Google has released the Gemini 2.0 Flash Thinking model to introduce extra reasoning abilities to its Gemini 2.0 Flash AI series. The new model has also been developed to demonstrate its “thinking process,” enhance reasoning capabilities, and compete with the existing top AI systems available in the market, such as OpenAI’s O1 range.
This experimental model is available in Google AI Studio and Vertex AI. It can also be integrated with other developers through the Gemini API integration. In a post on X (formerly Twitter), DeepMind’s chief scientist, Jeff Dean, highlighted the model's functionalities. Dean demonstrated how the Thinking Mode breaks down a problem into smaller components, allowing the model to present its reasoning steps before delivering a solution.
A demo video shown by Dean showed how the model can solve a physics problem and how it does it. As another example, Logan Kilpatrick, the product lead at Google AI Studio, presented that the model can solve mathematical problems with text and image inputs.
The Gemini 2.0 Flash Thinking model incorporates a specific dialogue module, which provides a graphical depiction of its decision-making process. This feature is very useful in showing users how this model approaches the solution to a particular problem with the input data.

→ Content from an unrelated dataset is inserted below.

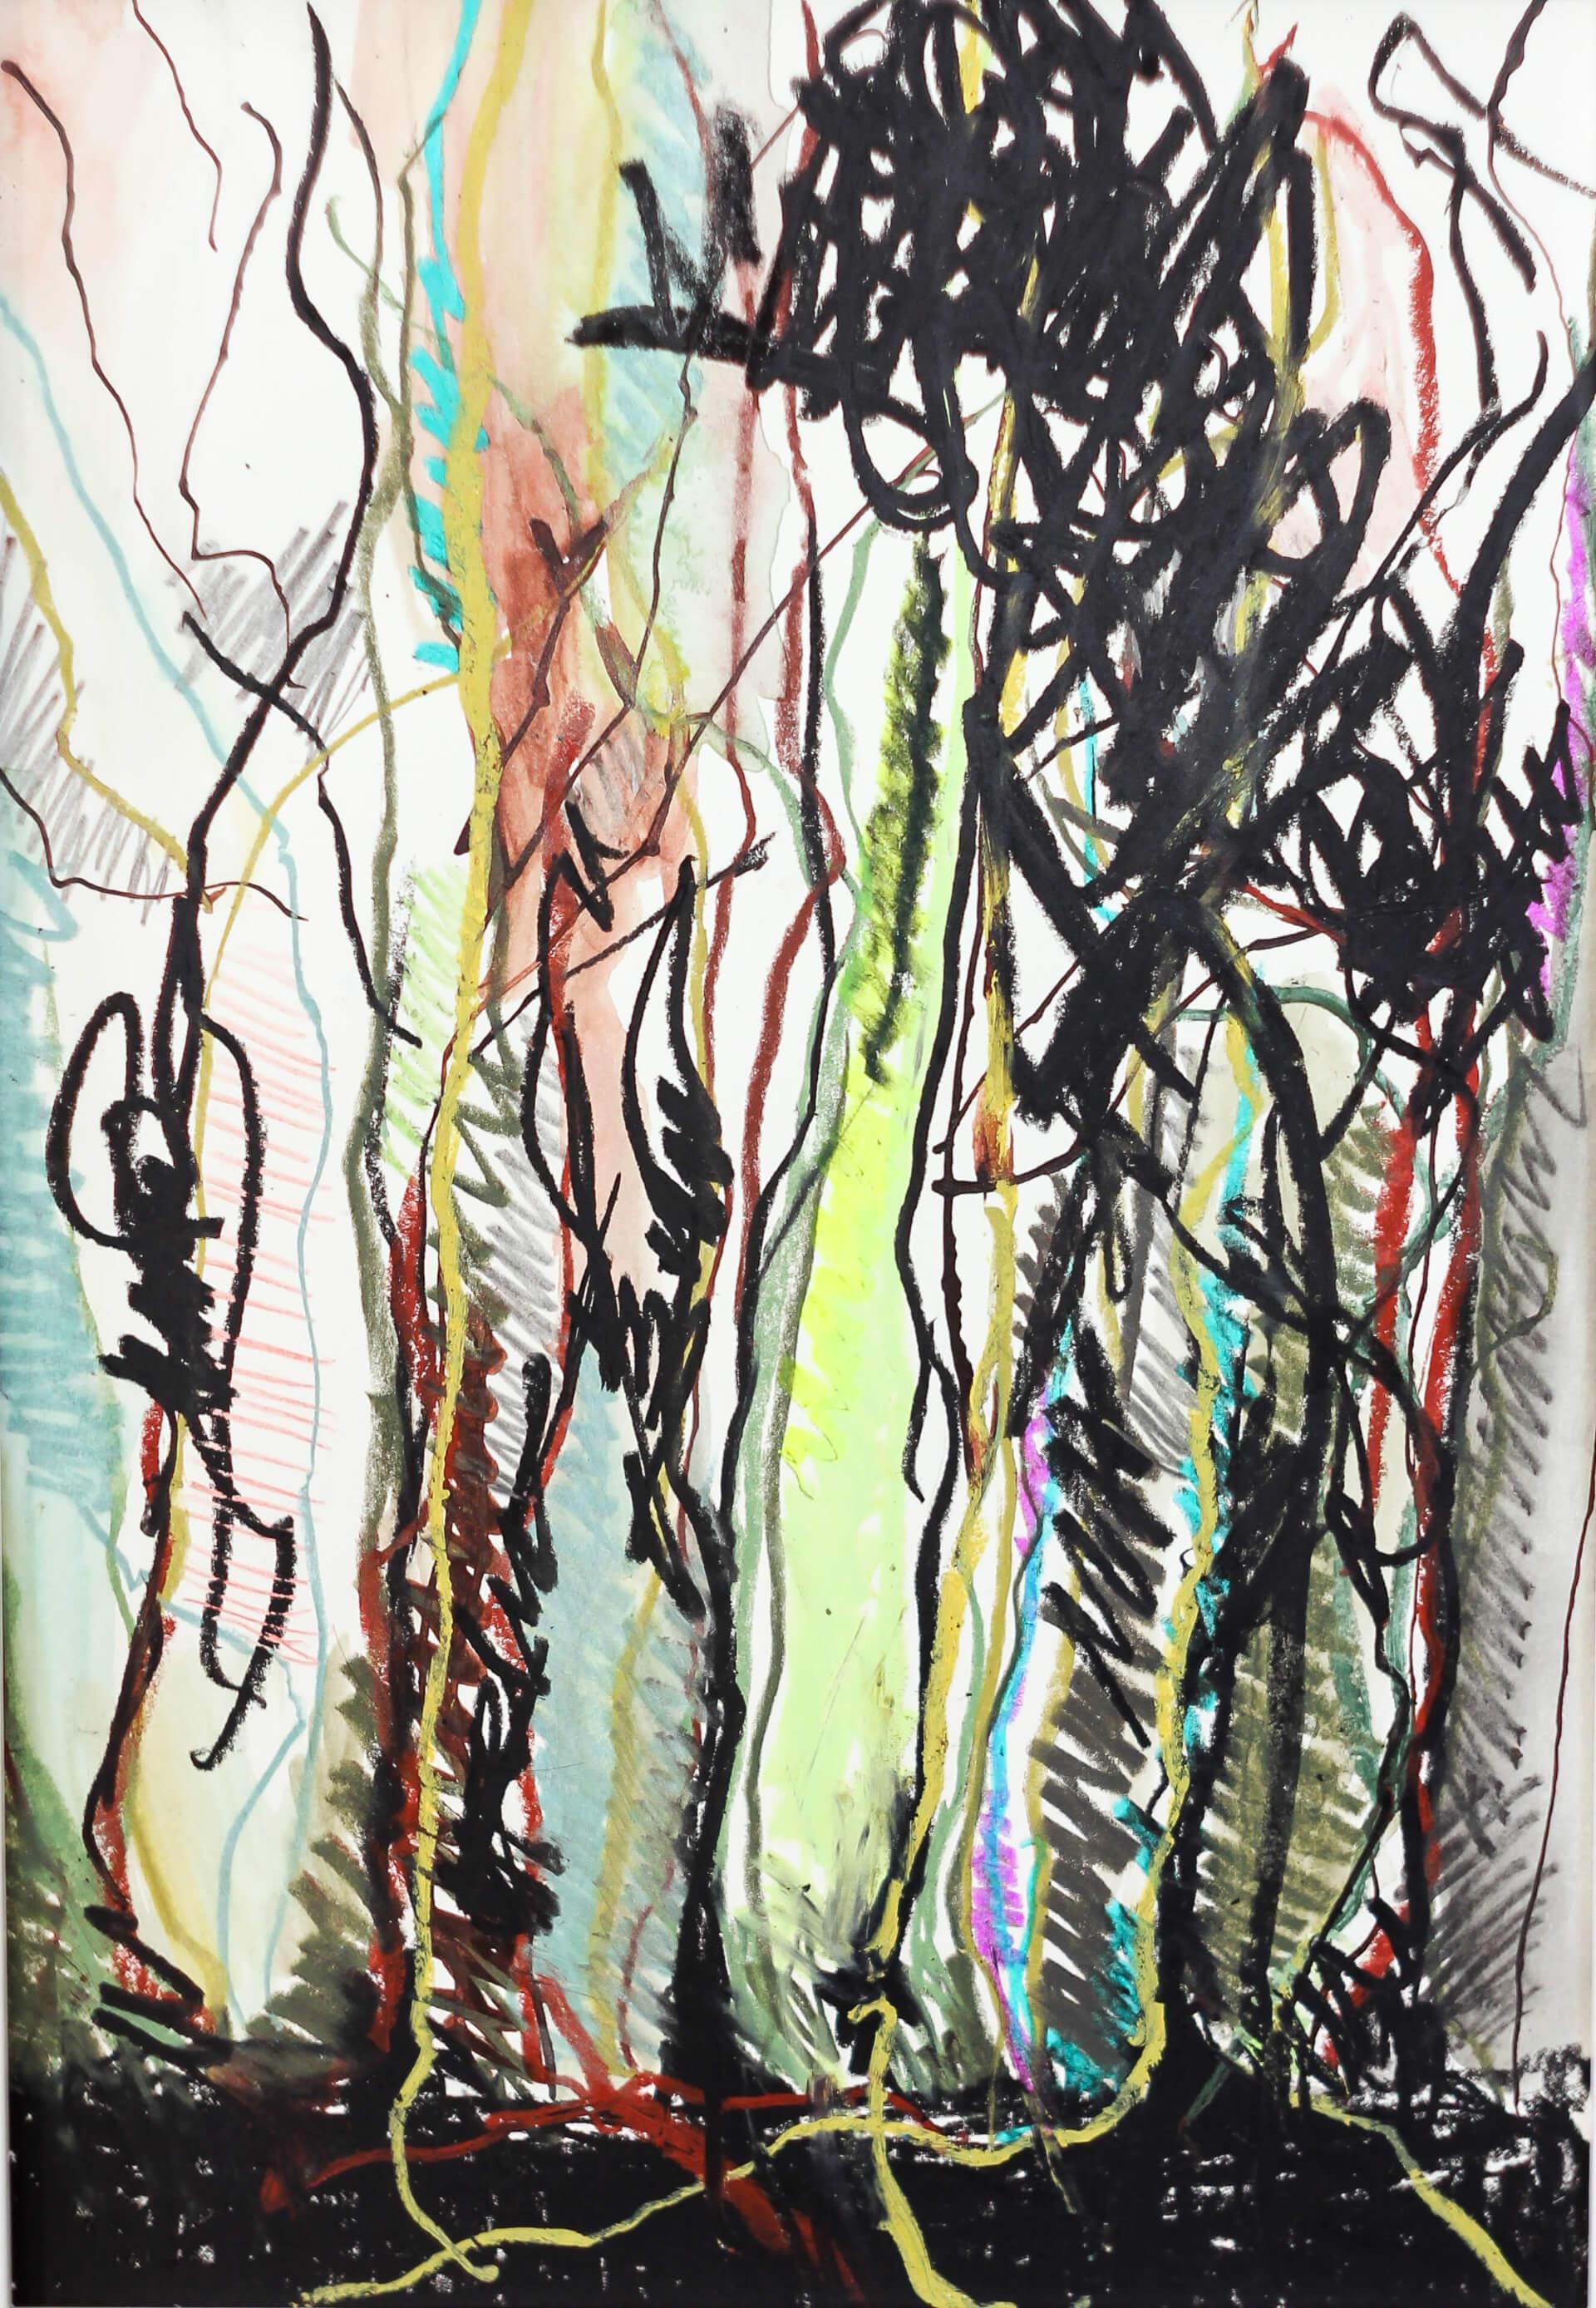 Katharina Albers, Wald III, 2014, Ölkreide, Tusche, Aquarell, Graphit auf Papier, 29,7×21 cm

During the shared demo, specific issues were advanced and solved by dividing big issues into smaller ones. All these steps were performed in real-time, which helped the user follow the decision-making process that led to the last output.

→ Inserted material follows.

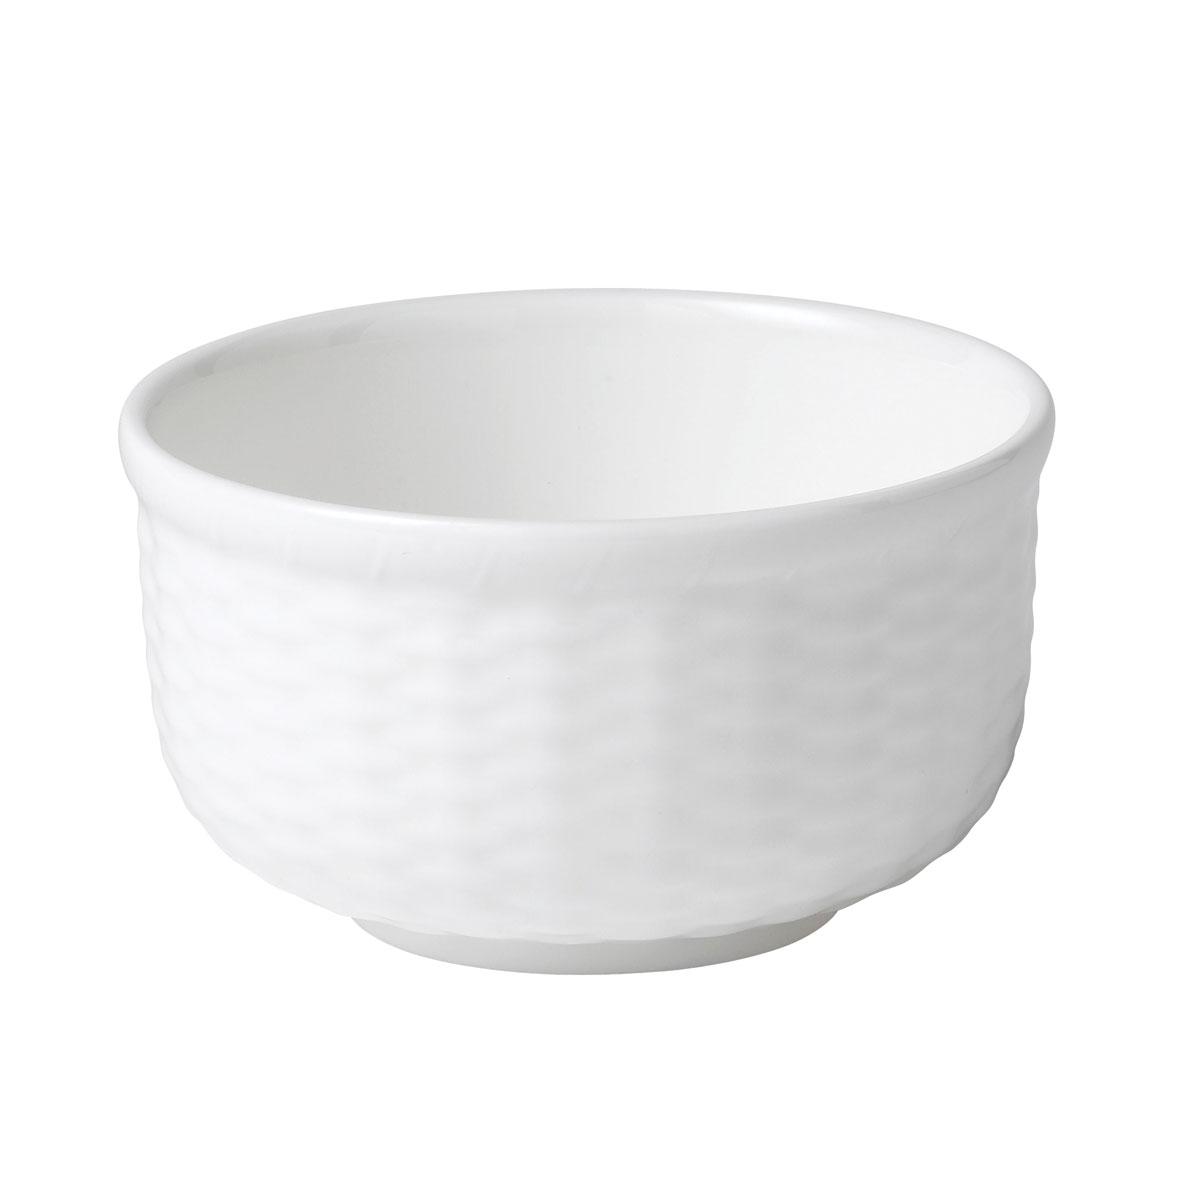 Wedgwood Nantucket Basket Ice Cream Bowl

The Thinking Mode is integrated as an extension of the Gemini 2.0 Flash model, including its multimodal capabilities. It involves long contextual reasoning, image and audio processing, and agent-based interactions. This update represents Google’s attempts to advance the explainable AI and make the process behind machine learning more transparent.
Earlier this month, Google presented the new version of Gemini 2.0 with several innovations in AI technology. The base model of Gemini 2.0 Flash can perform multimodal reasoning and long-context understanding. It has also set the groundwork for agency-like experiences, enabling users to engage with AI agents in a specific manner.

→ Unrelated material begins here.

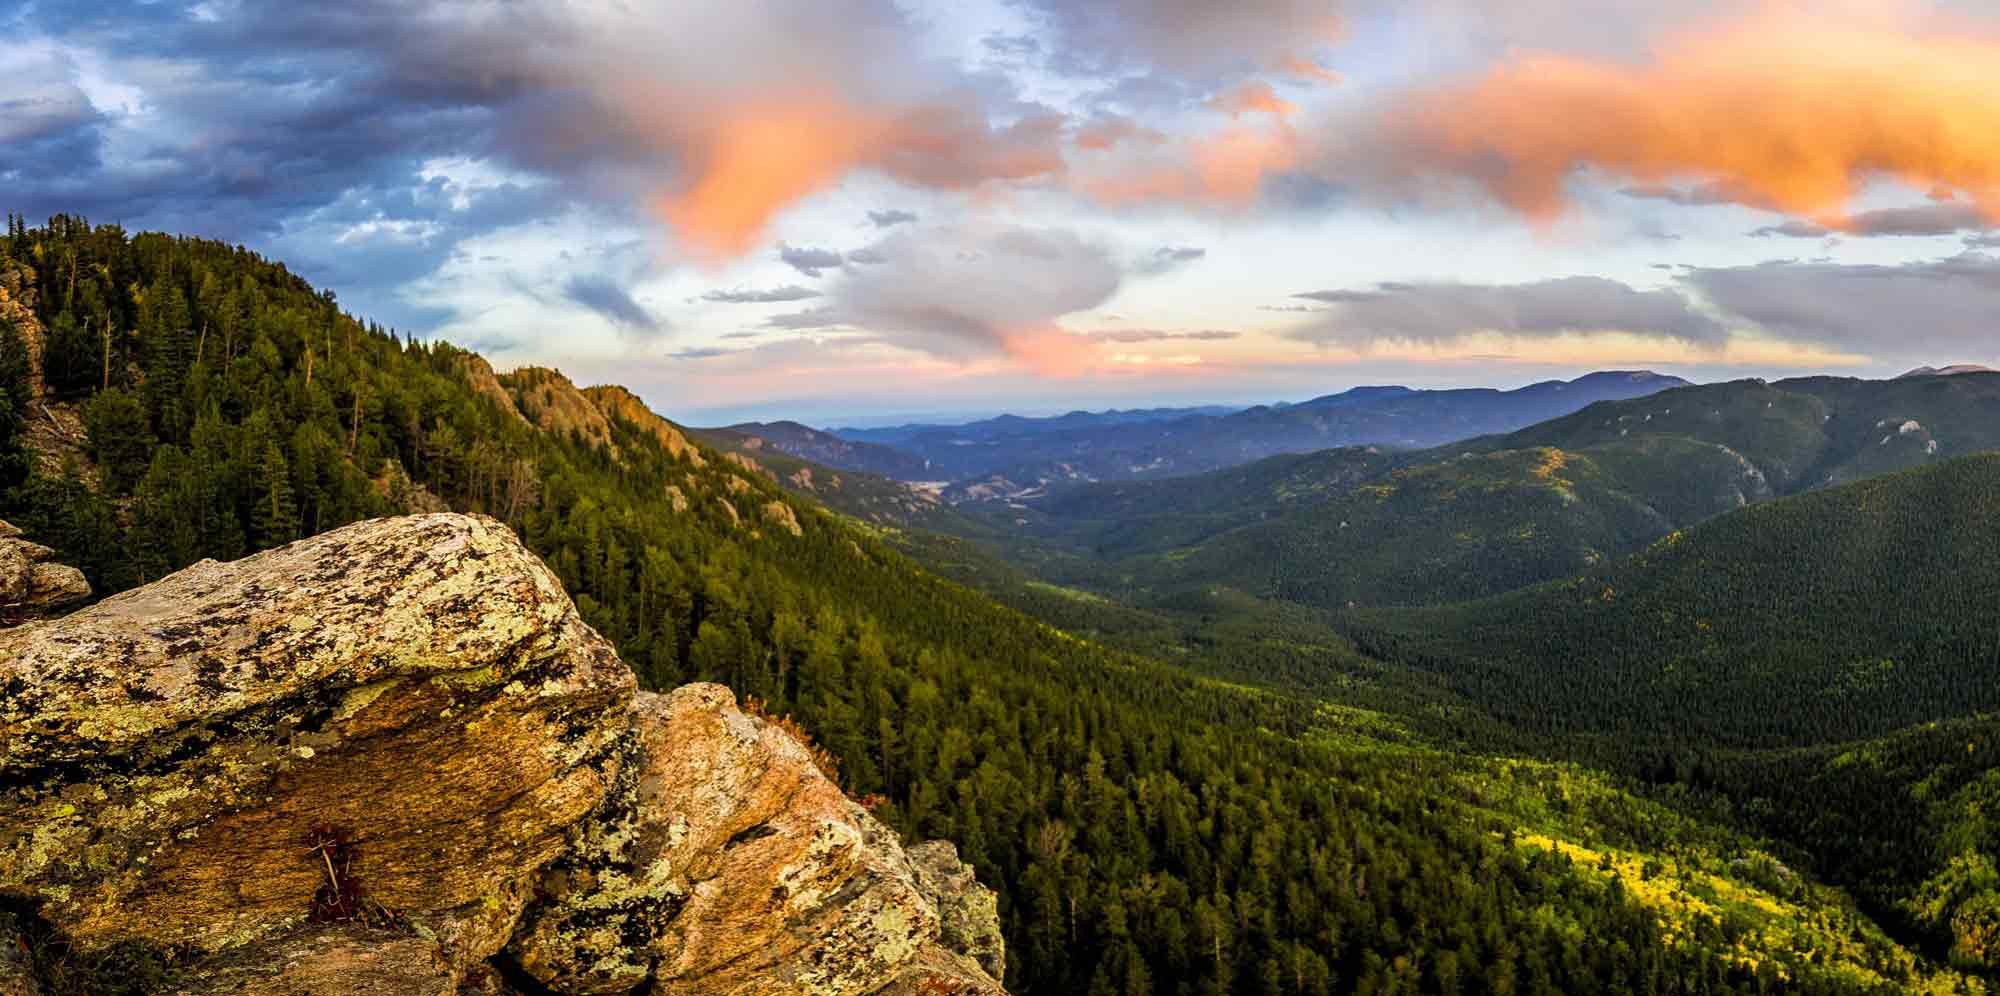 Mount Evans Ascent Idaho Springs, Colorado

This series showcased several AI prototypes, including Project Astra, a universal assistant capable of processing visual and audio data. Another prototype is Project Mariner, which sends instructions across browser data and accomplishes tasks through an innovative experimental Chrome extension. Furthermore, Jules, an AI coding assistant, helps developers with programming tasks, and gaming agents enhance gameplay by offering real-time suggestions.